The base had made their check and reported a nuclear war-head missing. Richter sounded nearly as explosive as if he were an atomic war-head himself. He was just leaving to drive there to conduct a personal enquiry, and he promised to telephone me again as soon as he had got from his people the facts about Washington's departure. It is to hear from him I am waiting now.'
'May I wait here, too, Sir,' Barney asked.
'Certainly. I'll send for some more coffee. I expect you could do with a cup. As it is Sunday I have no appointments and I've already asked my No. 2 to attend to any special business, other than this, that might turn up. This thing is too big for either of us to take our mind off it until we are quite certain that there is no hope of retrieving the situation.'
Barney's face brightened. 'You think there might be, then?'
C.B. laid a finger alongside his big nose in a familiar gesture. 'From Cambridgeshire to Moscow is all of fifteen hundred miles. He couldn't fly that far in an ordinary aircraft without coming down somewhere on the way to refuel. As soon as Otto told me about his vision I saw the red light and I didn't wait for the Americans to do any checking. I got straight through to the Security Chief at N.A.T.O., and passed on to him Otto's description of Colonel Washington. I said I thought he had got away with a big bomber, but it might be a smaller aircraft, in which case he would have to come down to refuel and could easily be recognized on account of his unusual height and features. In any case, all stations were to be alerted to watch for any unscheduled aircraft crossing Europe in the direction of the Iron Curtain, and if spotted fighters were to be sent up to intercept and force it down.'
'You're certainly jolly quick off the mark, Sir.' Barney said with a note of admiration.
The older man shrugged. 'But not quick enough in this case, I'm afraid. If only Otto had come round to me at once we would have caught them for certain; but it was four o'clock before I could get cracking, and they had been in the air for three hours by then. If they were in anything that had the speed of an average airliner, they would have needed only another half hour's flying to cross the Iron Curtain. And once over it, of course, they would be in the clear; they could refuel without risk and fly on to Moscow. Still, there is just a chance that they had to come down this side of the Curtain and, if so, they may be being held pending a check up on them. If they are, we should hear pretty soon; or Richter may have done so already, as this is really a U.S. responsibility and he too will have been in touch with N.A.T.O.'
They had their coffee and some sandwiches and, to keep Barney from sitting brooding about Mary, C.B. made him give a much more detailed account of his doings the previous night. At eleven o'clock, as Colonel Richter had not come through, Verney 'phoned the Fulgoham air base and learnt that the Colonel was on his way up to London. At half past he was announced over the buzzer, and C.B. had him shown in at once.
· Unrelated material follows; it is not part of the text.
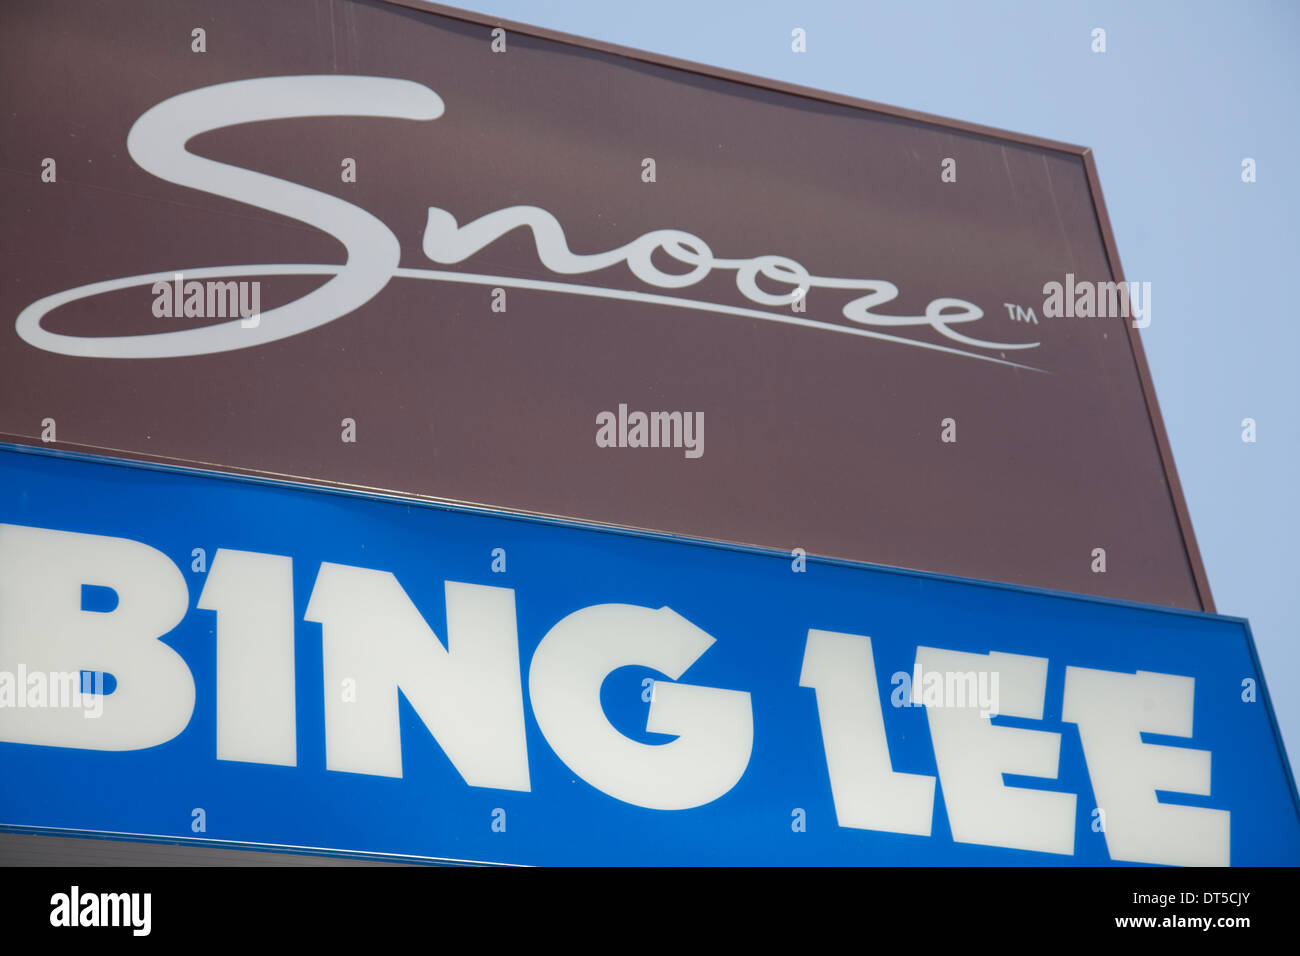 australain retailers Bing Lee and Snooze in north sydney, Bing Lee are suppliers of electrical and white goods, Snooze supply be Stock Photo

The American Security Chief was short, tubby and round-faced, but there was nothing soft about him. His mouth was a hard line and his brown eyes, half veiled by heavy lids, were shrewd and calculating, yet he was not without a sense of humour. With a wry twist of his rat-trap mouth he declared that he would not waste time letting off steam. He had already done that by leaving a score of people down at the air base under close arrest for negligence; but he doubted if there was any case against most of them, as they had broken no regulation by allowing their Commanding Officer to fly off at any hour he liked in his own aircraft. The aircraft had been a twin-engined six-seater. Recently it had had extra fuel tanks fitted and with these had a comfortable range of seven hundred miles. It had taken off on a north-easterly course and automatic radar plots showed that it had continued on that course out over the North Sea for at least a hundred miles. If the course was held that meant that the aircraft should, at about five o'clock in the morning, have been over Southern Norway. The questioning of Colonel Washington's officers had brought out the fact that he had told several of them that he intended to spend his leave fishing in Norway. Richter therefore suggested the possibility that Washington was innocent and that someone else had stolen the atomic war-head earlier in the day; or perhaps several days ago.'
Verney promptly shot down that theory by making Barney give an account of Washington's association with Lothar, and stating that within his own knowledge Lothar had only a week earlier stolen a quantity of secret rocket fuel from the Experimental Station in Wales.
Richter blinked a little at Barney's description of the Black Magic ceremony from which he had narrowly escaped with his life; but he knew that such circles existed and, as a man answering Lothar's description had entered the air base with Washington, he agreed that the association left no doubt that it was they who had made off with the war-head.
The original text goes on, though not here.